### [Work to complete]
Emit the data below verbatim, stripping out any pictures.

### [Stored data]

- Opening Delimiter -

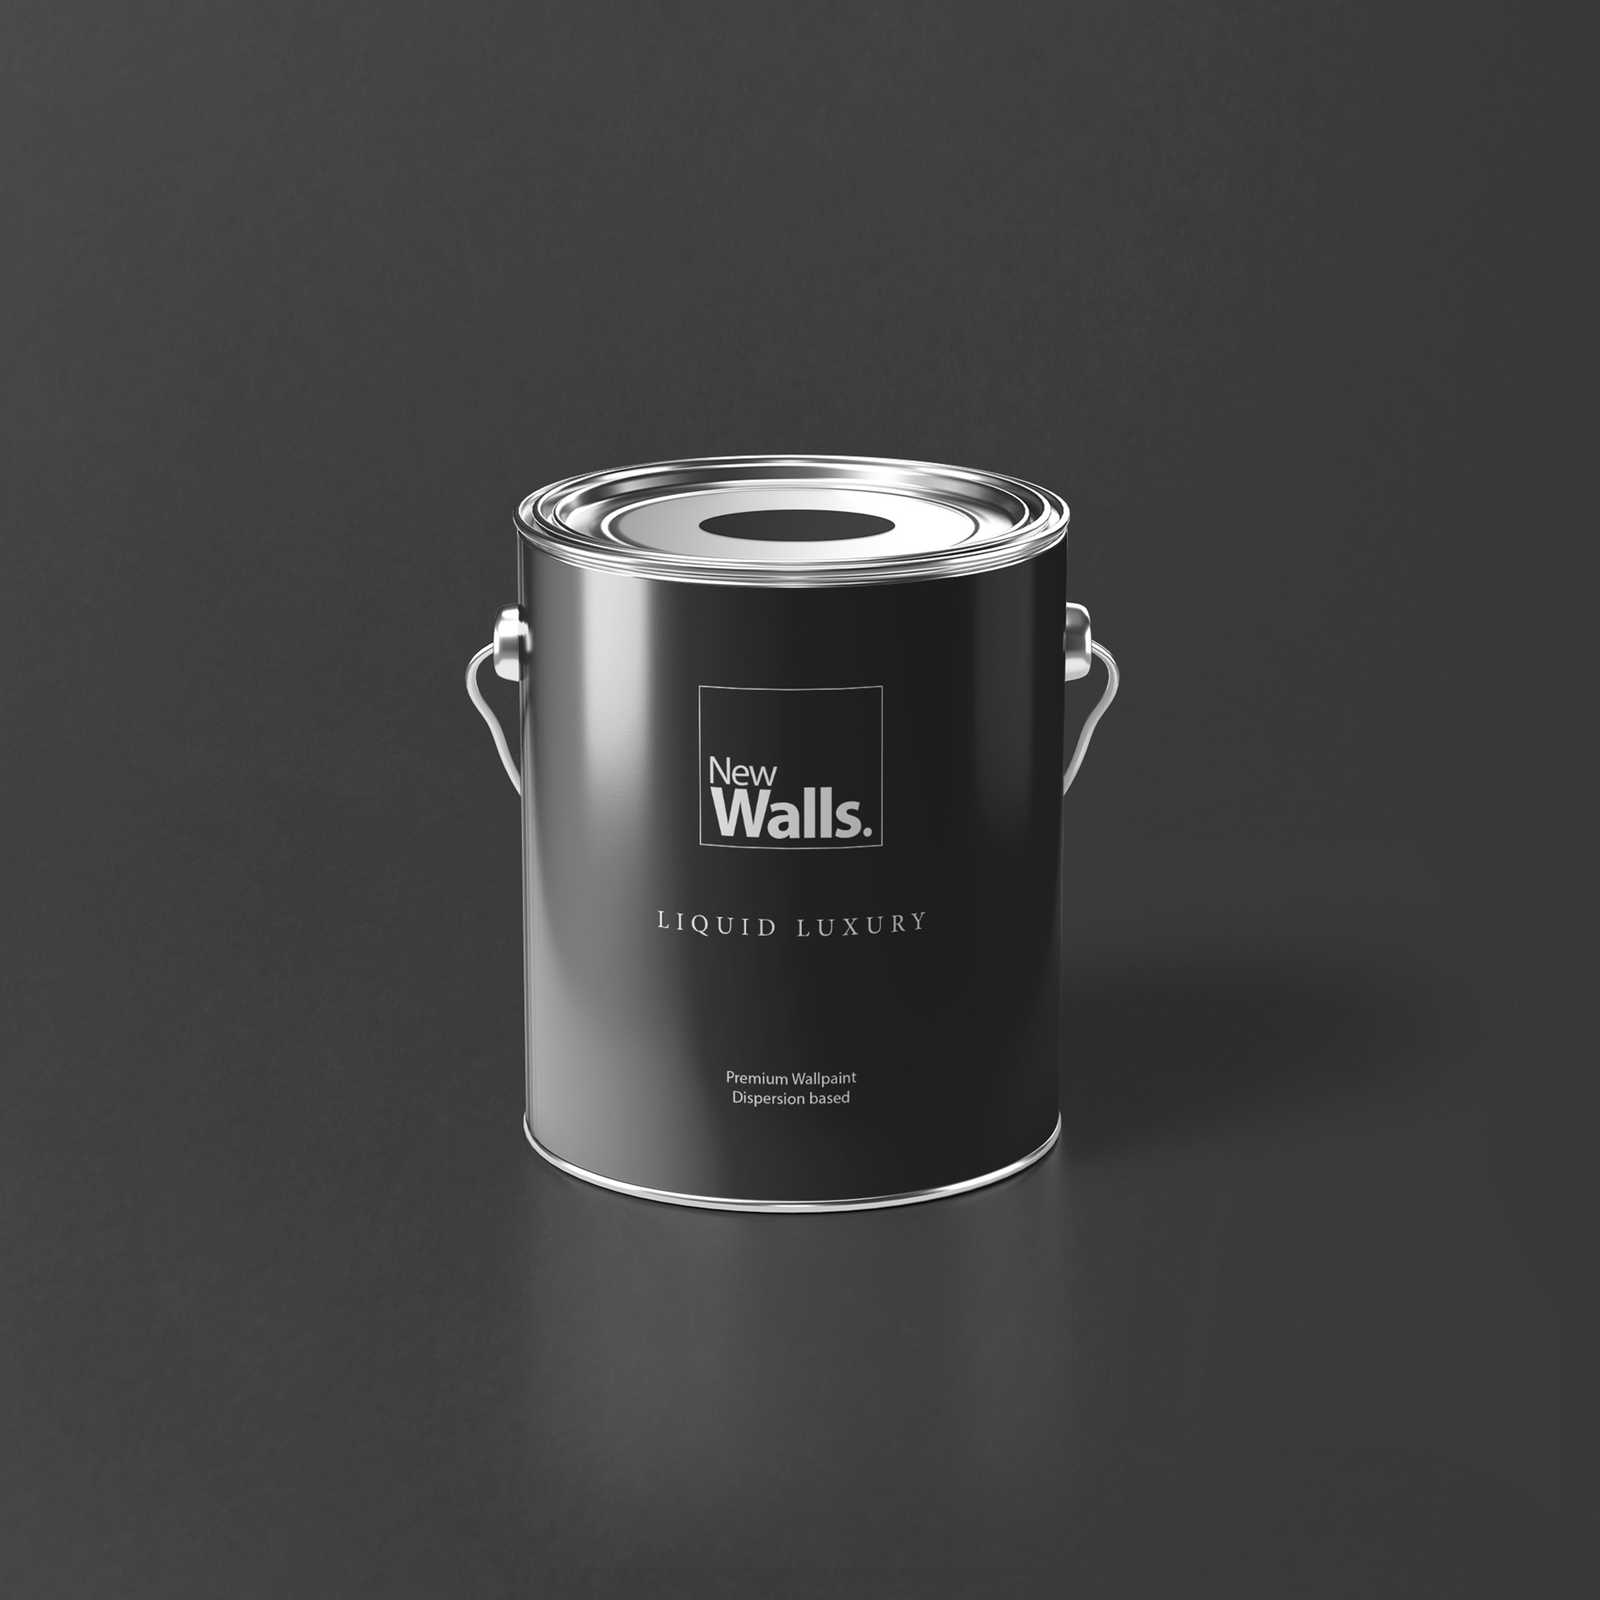 Premium Wall Paint strong black »Charcoal« NW106 – 2.5 litre
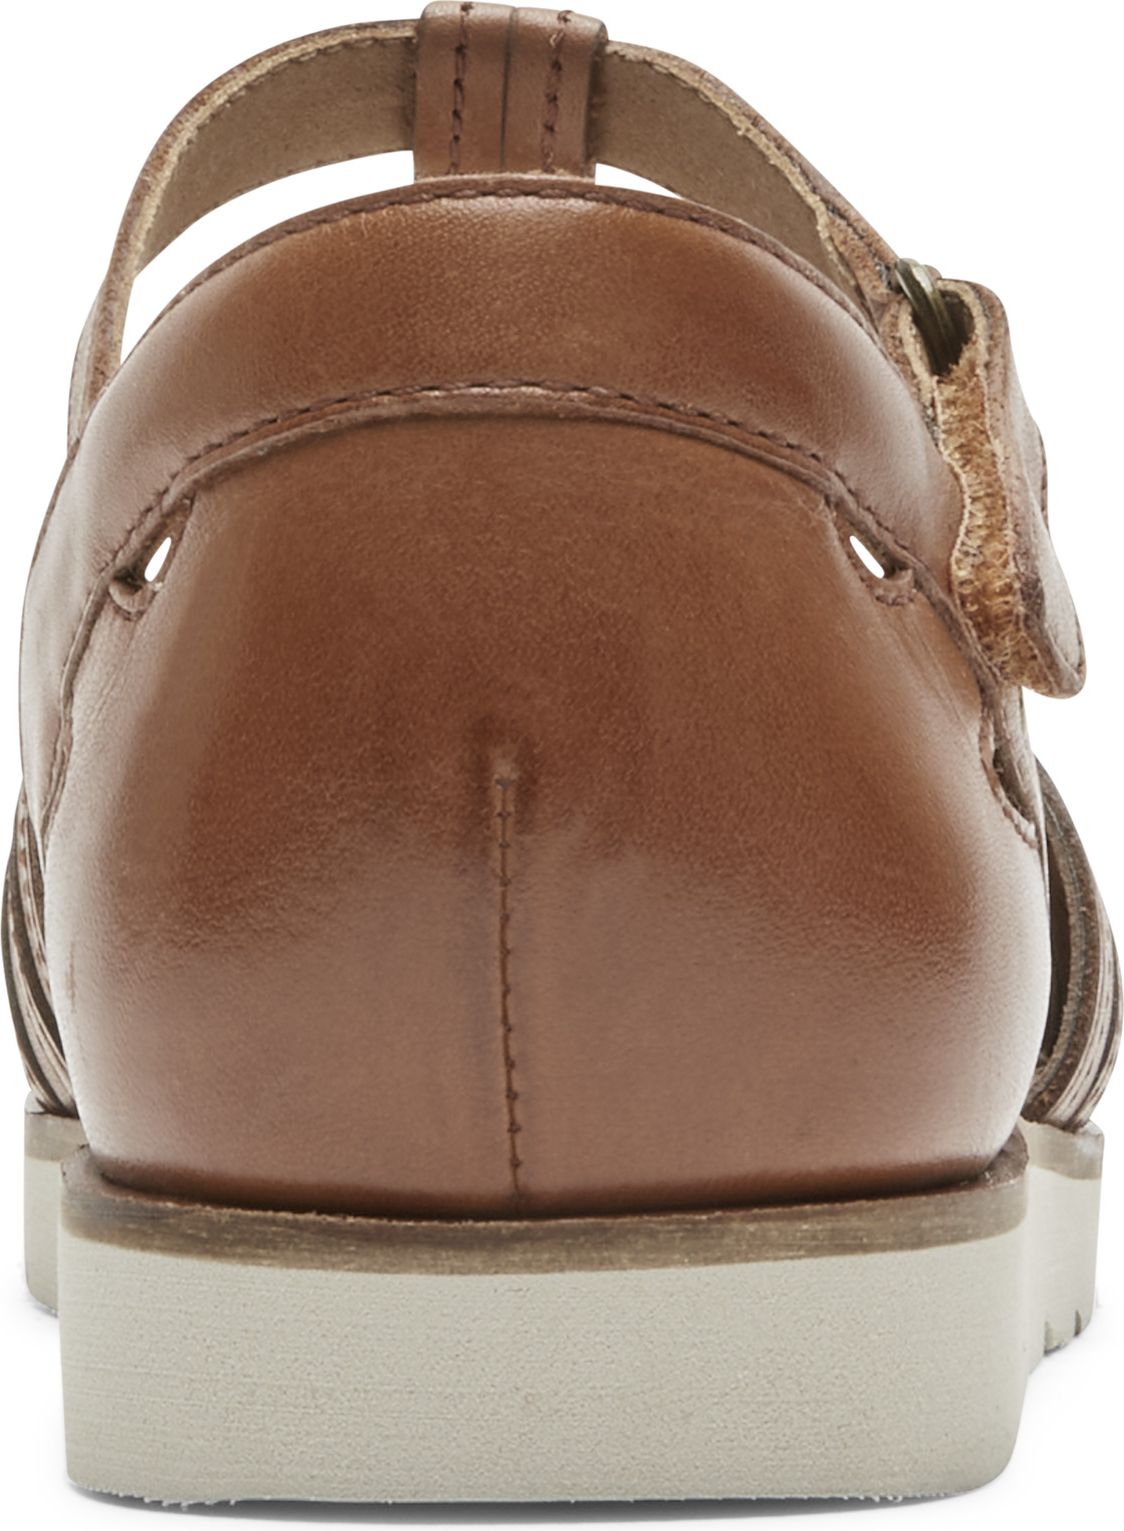 Cobb Hill Shoes Laci Fisherman Brown - Wide
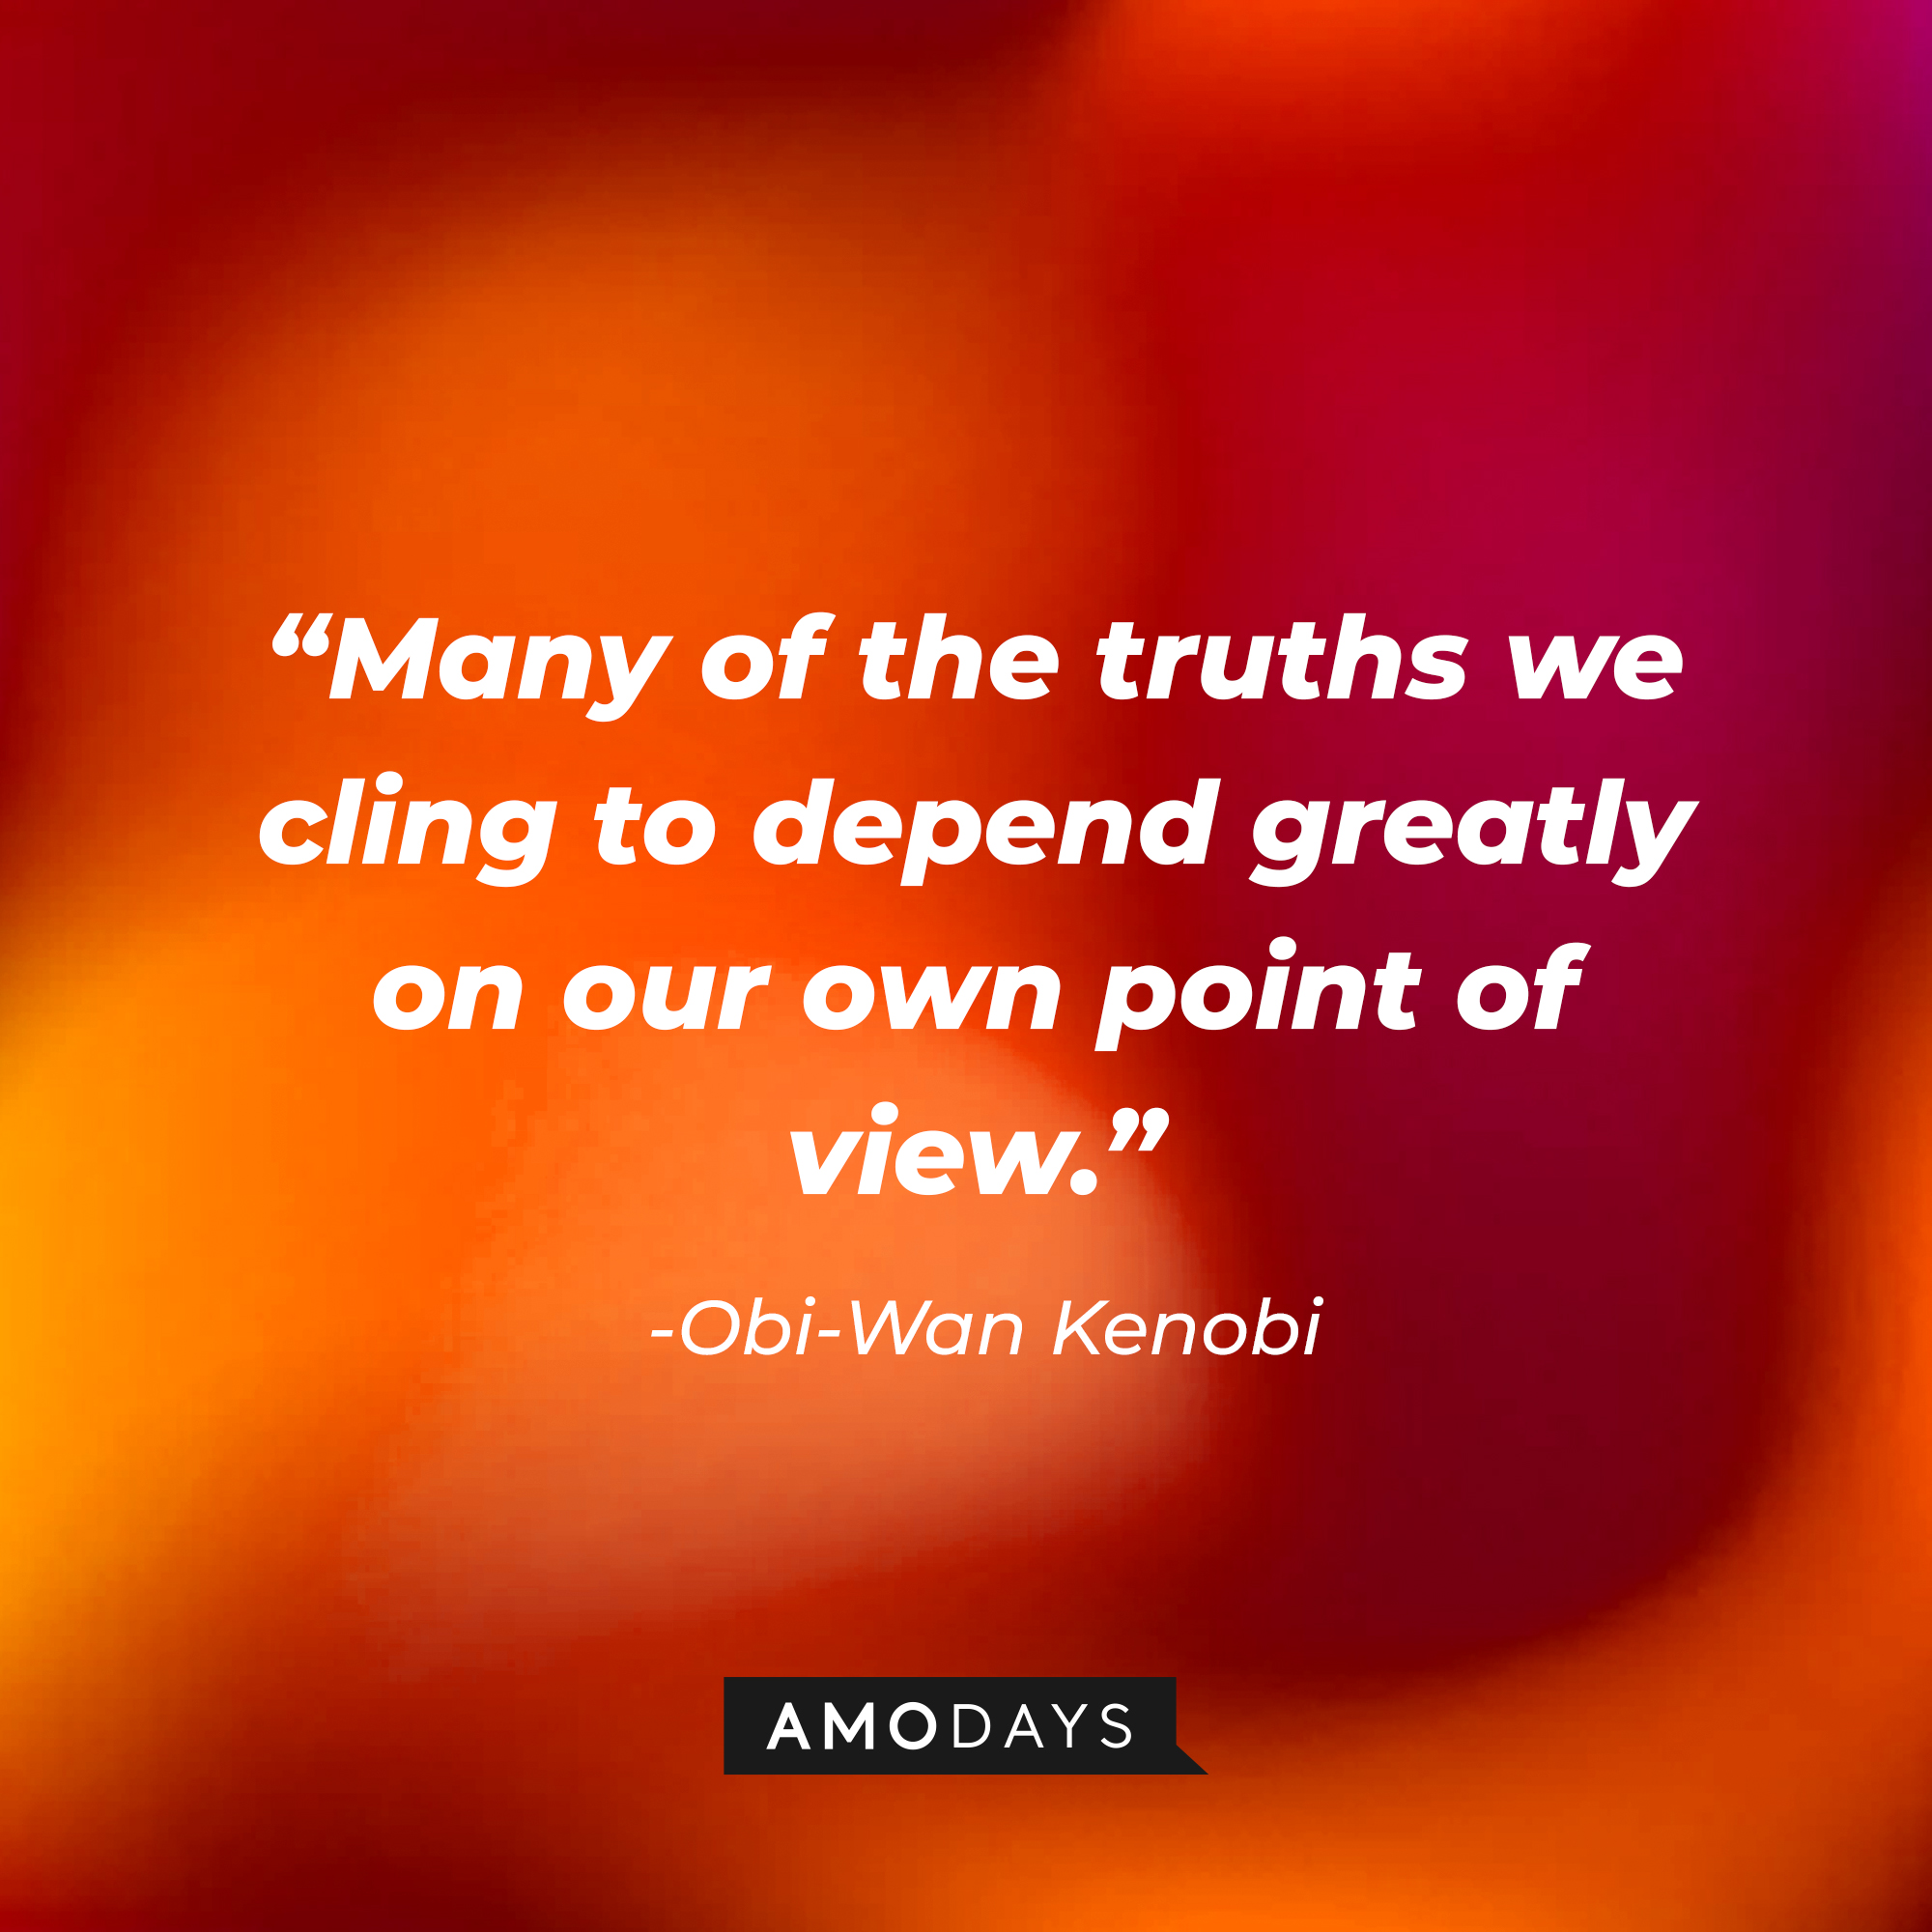 Obi-Wan Kenobi’s quote: “Many of the truths we cling to depend greatly on our own point of view.” | Source: AmoDays

- Closing Delimiter -

### [Your solution]
 Premium Wall Paint strong black »Charcoal« NW106 – 2.5 litre
 Cobb Hill Shoes Laci Fisherman Brown - Wide
 Obi-Wan Kenobi’s quote: “Many of the truths we cling to depend greatly on our own point of view.” | Source: AmoDays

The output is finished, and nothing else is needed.